Example of the delivered file structure:
│ └── Sample_123-SR-1_AAAAAAAA-TTTTTTTT
│ └── Sample_123-SR-1
│ ├── 123-SR-1_AAAAAAAA-TTTTTTTT_S1_L000_R1_001.fastq.gz
│ └── 123-SR-1_AAAAAAAA-TTTTTTTT_S1_L000_R2_001.fastq.gz
How do I know I have a complete copy of the data?
The first step is to use Globus. A Globus transfer will not succeed unless every file has been successfully moved. Internally at the AGC, we always check the “verify file integrity after transfer” in Globus’s “Transfer & Sync Options” whenever we move files with Globus.
Secondly, data delivered from the AGC includes an “md5” file. This file contains checksums that can be used to confirm that you have a complete copy of every file after the transfer is complete. The checksum file is usually named “<service-request-name>.md5“; an example would be 3092-AG.md5
Every operating system has a different command to confirm the checksums. On most Linux-based systems, like the Great Lakes HPC, you would use a process like this:
- cd <service-request-name>
- md5sum –quiet –check <service-request-name>.md5
- Pay attention to any output; the –quiet flag means that the md5sum program will only produce output if there is a problem.
Remember that the AGC only makes your data available for 2 weeks, and that after 6 months our copy of your data is destroyed. We strongly encourage all clients to download their data as soon as possible, and use the provided md5 file to verify each download as soon as possible. If there are issues, a second Globus transfer of the entire directory usually clears up the issues. If you still see checksum issues after re-trying the transfer, contact the AGC.

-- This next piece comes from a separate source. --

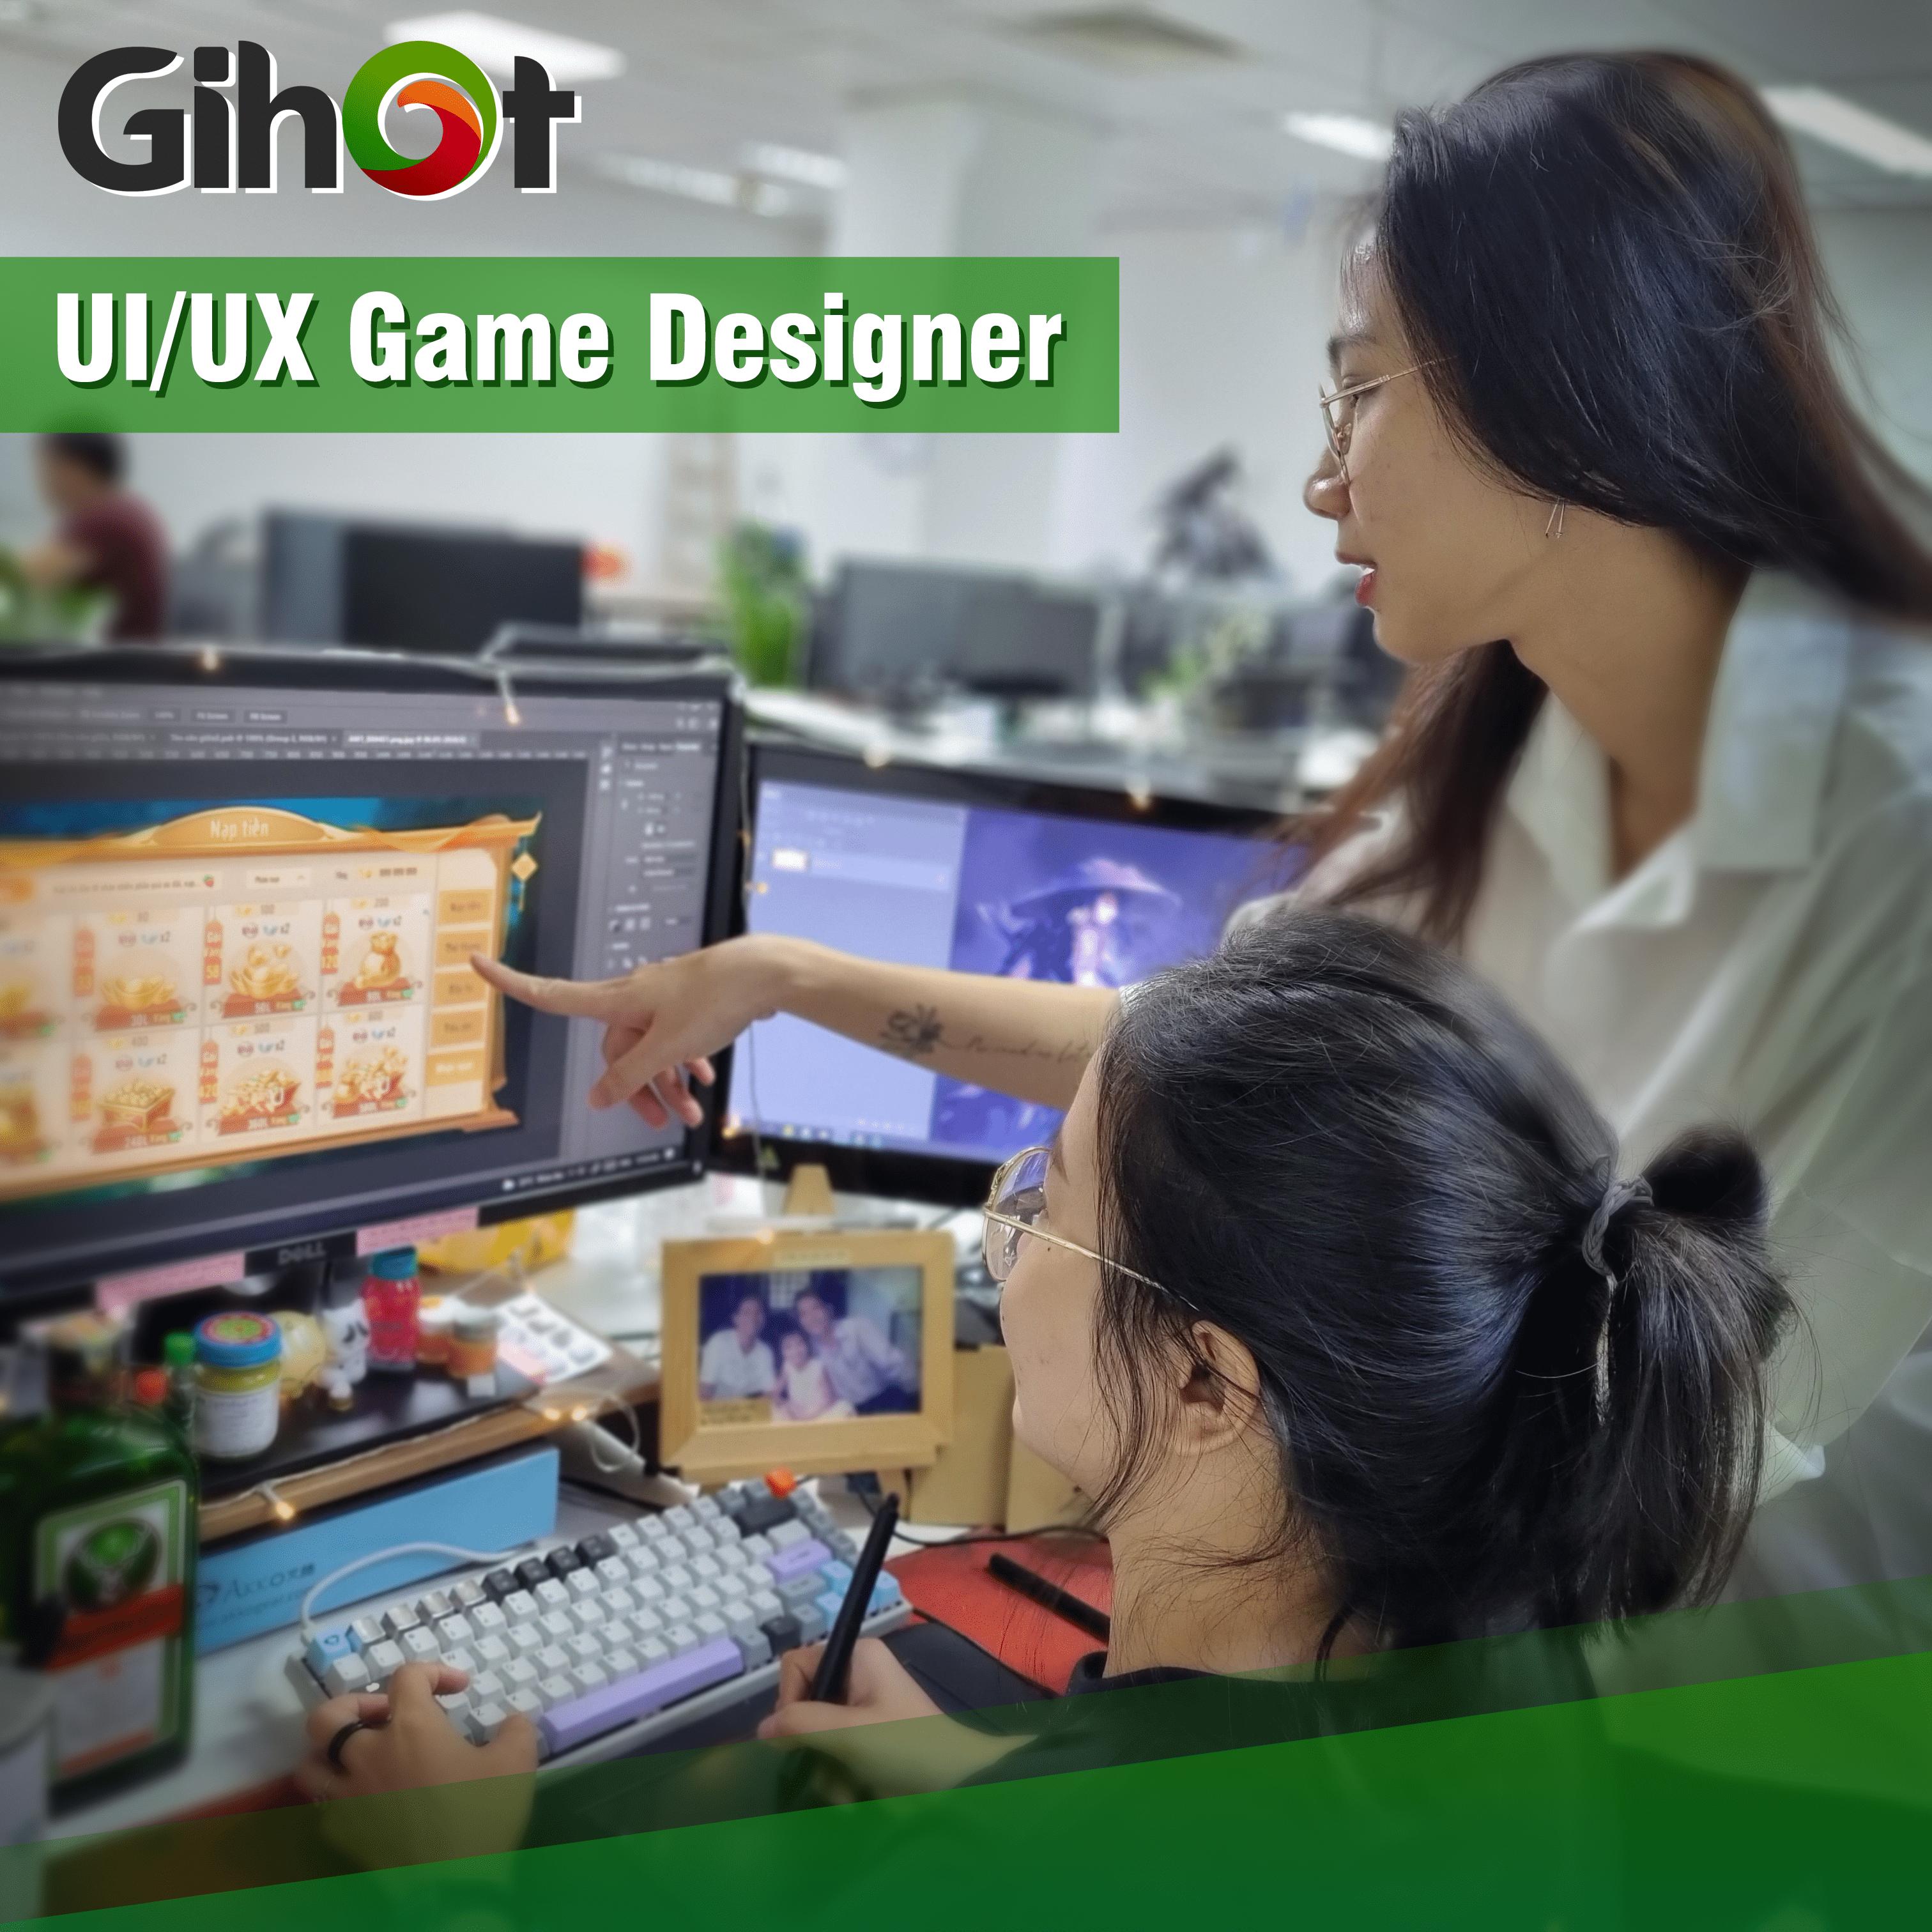 UI/UX Game Designer

What data will I receive for Single Cell projects?
- Fastq’s – We use bcl2fastq to demultiplex all sequencing data. You will notice that each sample will have 4 fastq directories associated with it (one for each of the 4 barcodes in the 10x barcode set for each sample), named Sample_[number]_[letter]. You will find the normal output (demultiplexed fastqs) in the following path: [run_id]/[service_request_id]/Sample_[number]_[letter]
- Cellranger count output – We run cellranger count on all single cell gene expression samples. Inside the top directory of your download is a directory for each sample by name that contains the results from the count step of the cellranger pipeline. The web_summary.html is likely what you want to look at first. The cloupe.cloupe file can be opened in the loupe browser supplied by 10x. You will be able to find this file in the following path: [run_id]/Sample_[name]/outs
- If your samples are not standard single cell RNAseq, we will run the appropriate supported 10x software for your project type
- At this time we can not support processing of TotalSeq-A projects. You will only receive demultiplexed fastqs.

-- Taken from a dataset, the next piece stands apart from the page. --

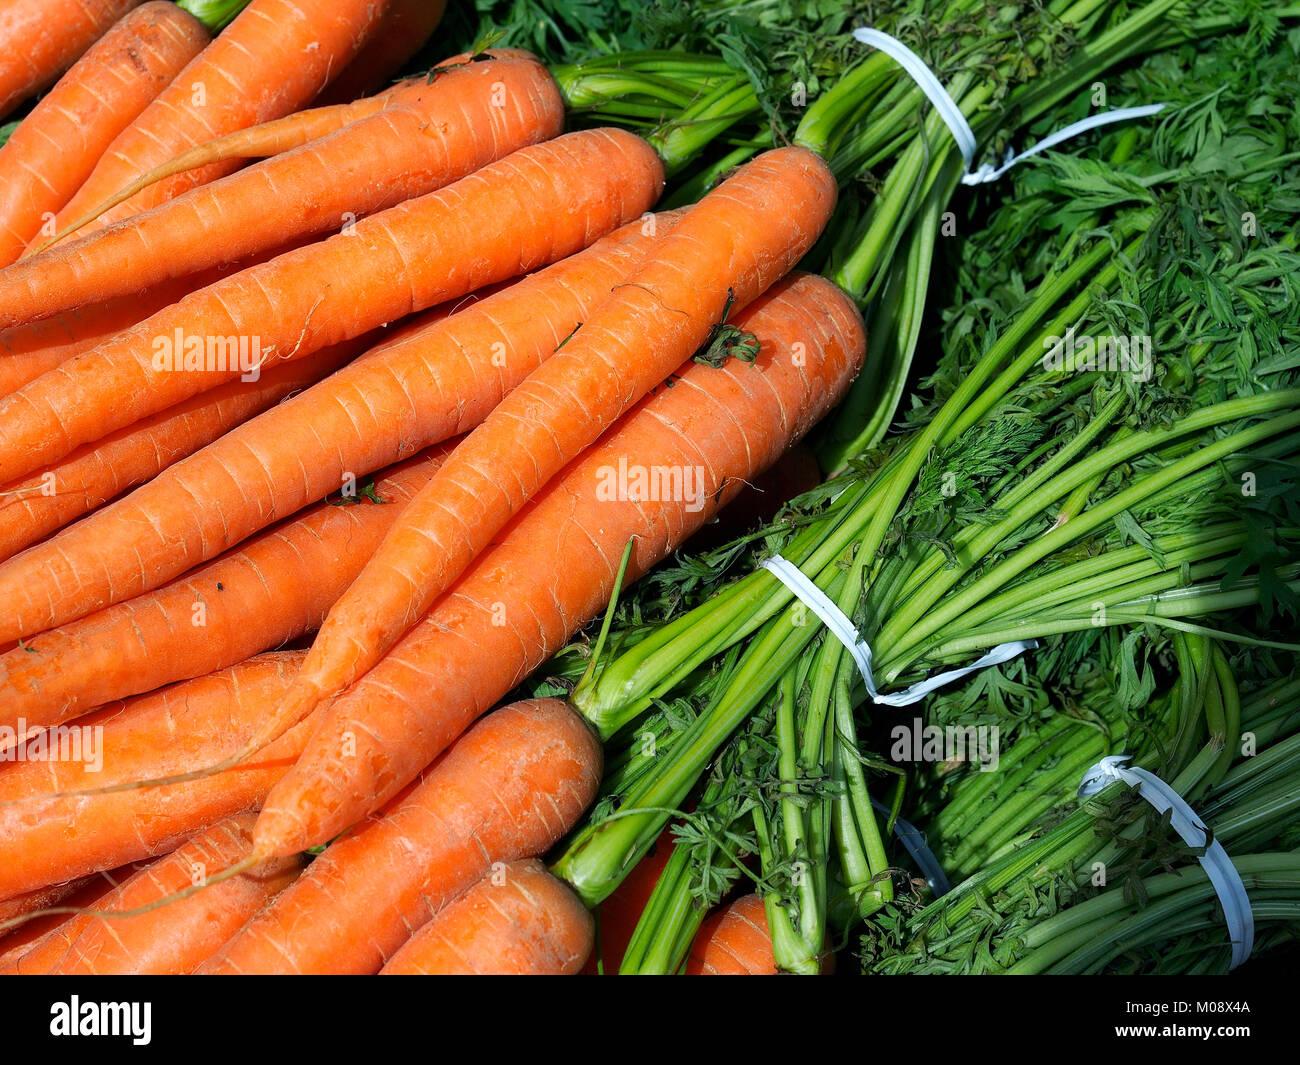 Calle del mercado alimentario. Paquetes de zanahorias anaranjadas en venta en un stand de frutas y verduras. Granja orgánica. Foto de stock

Please contact if you would like assistance interpreting the results produced by cellranger. We will do our best to answer any questions or we can guide you towards assistance and resources provided by 10x.

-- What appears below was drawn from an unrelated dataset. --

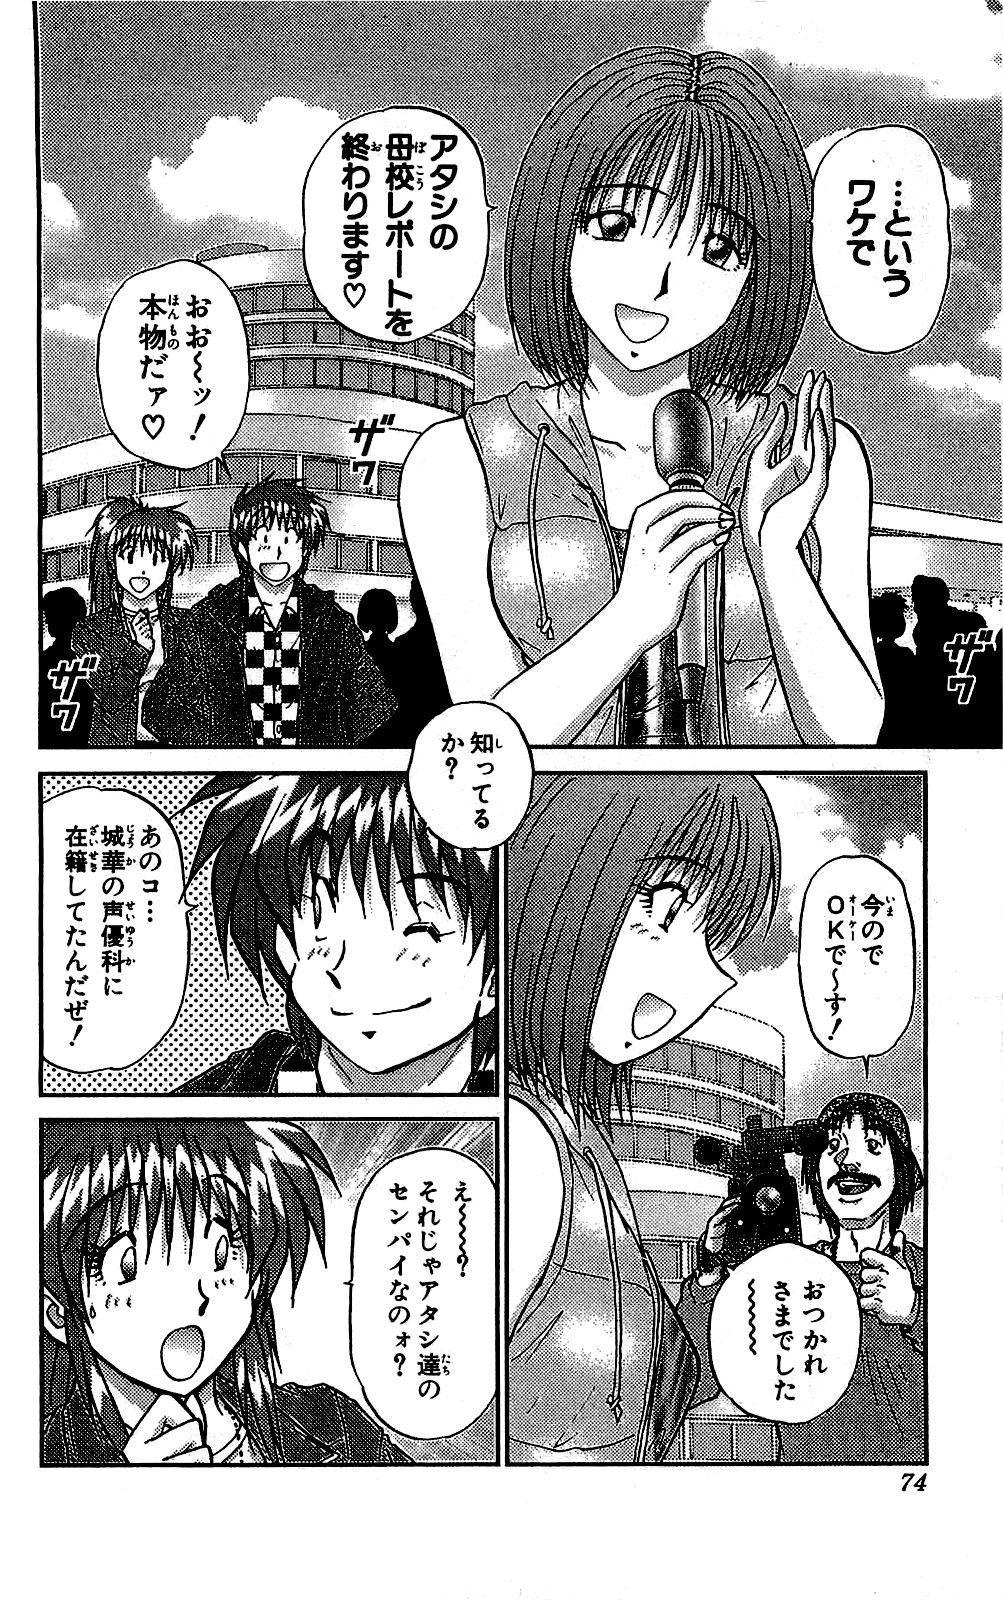 Miracle Make Yuuji 74

What will I receive from my QuantSeq project?
For Lexogen’s QuantSeq library prep, we do initial RNAseq processing including trimming, alignment, and feature counting. With your data delivery, you will receive an additional folder containing the outputs of the trimming and alignment steps as well as count matrices and QC metrics for your data. Upon request, we can also provide codes for Lexogen’s BlueBee pipeline for further analysis and making comparisons.
What part of my data should I download?
We strongly recommend downloading the entire directory that is shared with you. Although you may not need the raw files for your internal processing, it is a very common requirement for publishing.
What if I need additional sequencing for my samples?
If you would like additional sequencing of samples previously sequenced, please contact us with the sample numbers and submission ID. Include the number of additional reads you would like for your samples. We will contact you with an estimate of additional costs.
What if I need Bioinformatics Help?
An initial NGS project consultation with the UM Bioinformatics Core is free.